Drying Softwoods

If the product is structural lumber rather than appearance-grade wood, just dry the stuff as fast as your equipment can. January 27, 2007

Question
I have been seeing so many posts concerning kilns and drying hardwoods that I just have to ask some questions. I live in the Sierra Mountains and cut thousands of bf of pine and other conifers for our ranch buildings and lots of beams for the local timber frame business. (Timberking B-20 owner and love it.)
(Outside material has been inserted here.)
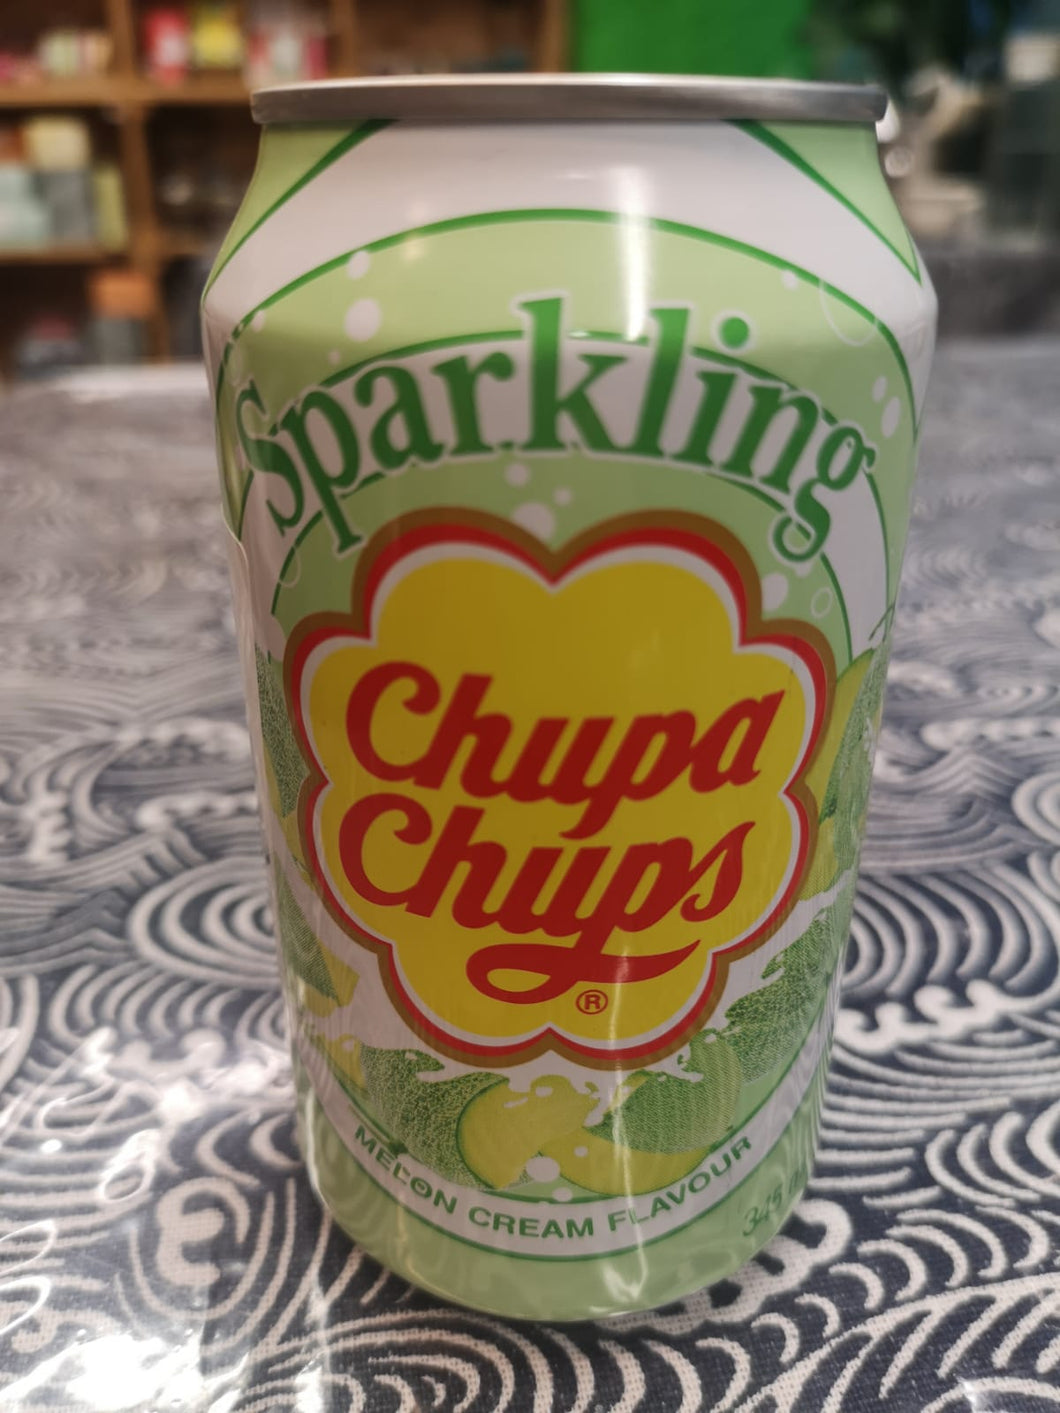 Chupa Chups Sparkling Melon Cream

What is the difference in drying softwood versus hardwood and why are there no books or articles about softwood drying? Does softwood have fewer problems in the kiln drying process? Do the pines dry straighter, quicker or the same? What about air drying? It seems that air dried softwood is used a lot more up here than kiln dried. There doesn't even seem to be much need or interest in drying these softwoods. All of the buildings that we construct on the ranch use Jeffery pine green and only occasionally have any problems. I am thinking of increasing my operations and would like to know a little about that side of the business.

Forum Responses
(Sawing and Drying Forum)
From contributor J:
Hardwoods are generally used for appearance grade lumber, whereas softwoods are generally used as construction grade lumber. With construction grade lumber, no one cares about surface checks, which are not acceptable in appearance grade lumber. Not worrying about surface checks, you speed up the drying process, which eliminates all other concerns such as mold and staining. So in summary, just dry softwoods (intended for construction) as fast as your equipment can.



From contributor M:
Given your dry mountain air, I assume that softwoods dry quickly if stacked and stickered well and kept out of the rain or snow. Here in the South, we kiln dry pine to use in interiors of cabins where the lumber needs to be clear of surface mold and below 10% moisture and air drying just won't get it there effectively. That is the question you need to ask yourself - how will the lumber be used and how can I get it down to the required moisture level quickly with minimal molding and bluing?